* TSX down 100.85 points at 11,607.
* Weak energy, gold prices weigh
* G20 summit fails to lift market (Updates to close)
By Claire Sibonney
TORONTO, June 28 (Reuters) - Toronto’s main stock index fell broadly on Monday, driven lower by commodity weakness in general and a steep drop in gold prices in particular.
Gold retreated 1 percent on a technical sell-off and a decline in safe-haven buying after an initial rally that might have lifted gold to a record high fizzled.[GOL/]
“I think the biggest movement today was a strong reversal in the precious metal sector,” said Francis Campeau, broker at MF Global Canada in Montreal.
U.S. crude oil futures also ended lower as tropical storm Alex in the Gulf of Mexico took a path that offered little serious danger to oil and natural gas production. [O/R]
The Toronto Stock Exchange’s S&P/TSX composite index .GSPTSE closed 100.85 points, or 0.86 percent, lower at 11,607.00. Seven of its 10 main groups were down.
“We’re seeing a decline in the index because of all three heavyweight groups are down,” said Elvis Picardo, analyst and strategist at Global Securities in Vancouver.
In addition to the weaker energy and materials sectors, banks also fell even though leaders at the Group of 20 summit in a Toronto on the weekend agreed to give banks more time to adopt tougher rules. [ID:nN27241260]
The G20 meeting failed to provide many new incentives for the market to trade on, agreeing to let countries take different paths towards assuring lasting growth and making their banking systems safer, a reflection of the uneven and fragile economic recovery in many countries.
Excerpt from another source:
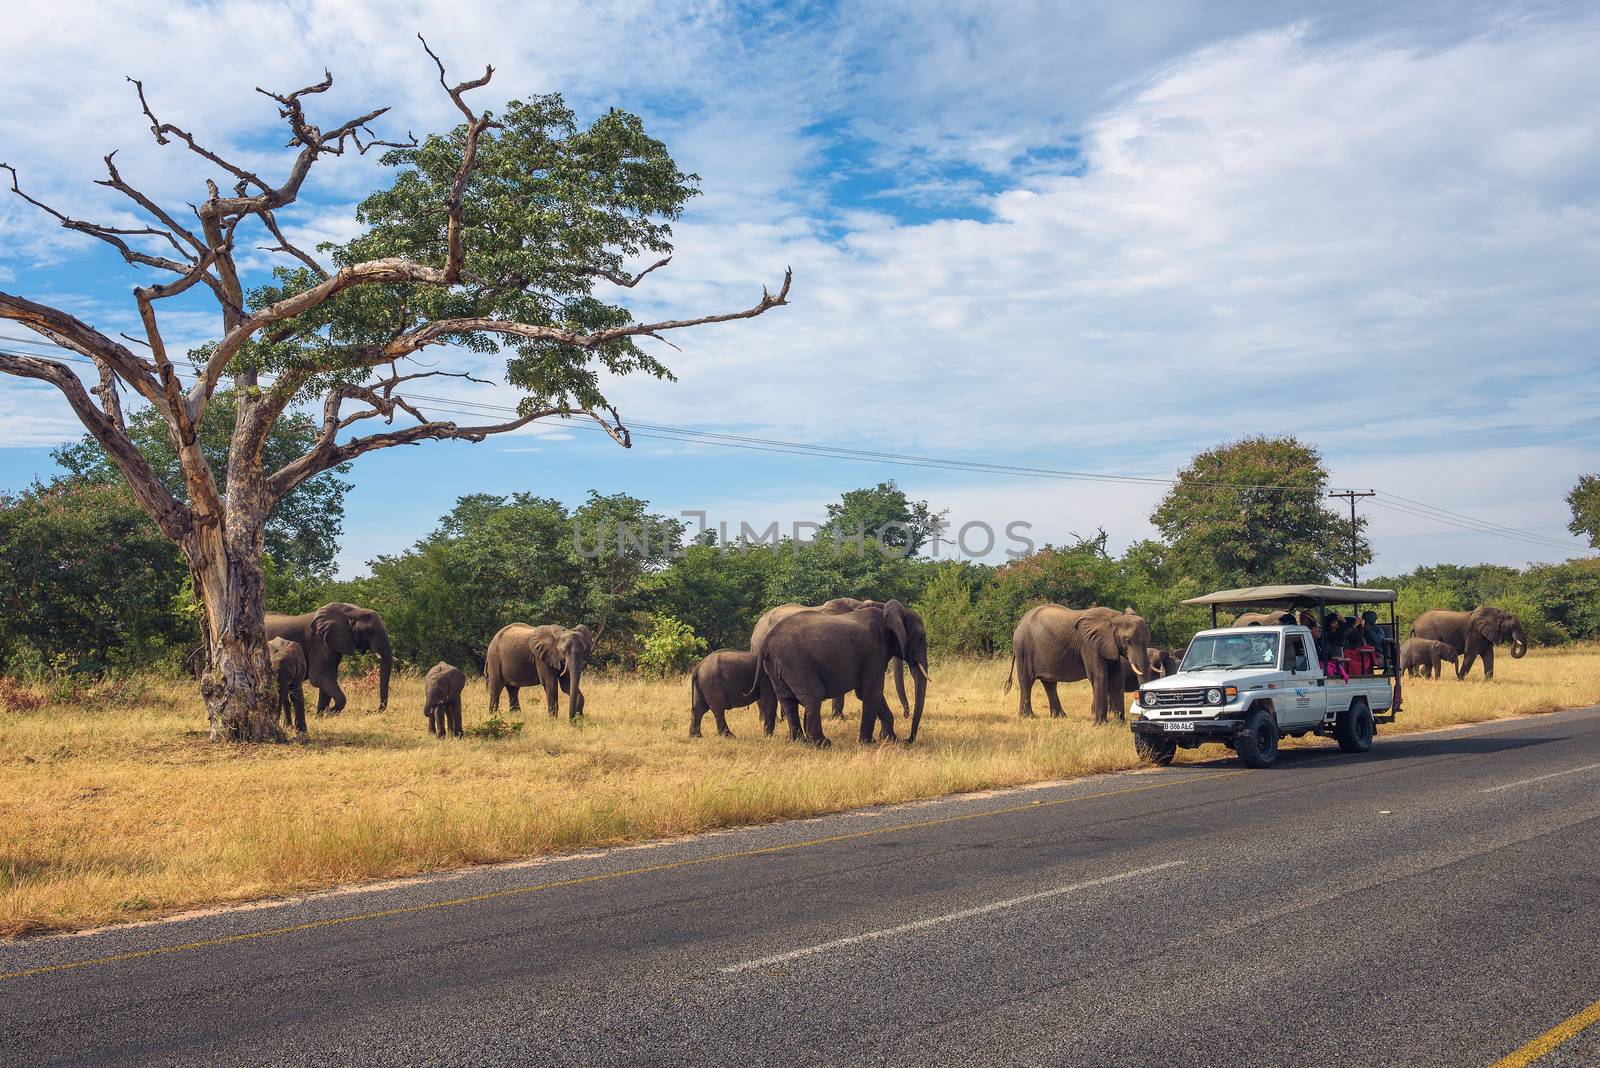 Herd of elephants crossing the road around a safari car in Chobe National Park by nickfox

For more G20 news, please see: [ID:nN18322198]
While targets for debt and deficit ratios in the G20 communique were mildly positive for the market, analysts said they were skeptical about implementation and warned that markets are focused on broader issues right now. [ID:nN27235152]
“Following the summit, we kind of opened flat across the world,” Campeau said. “I don’t think the summit had a huge impact on the indices.”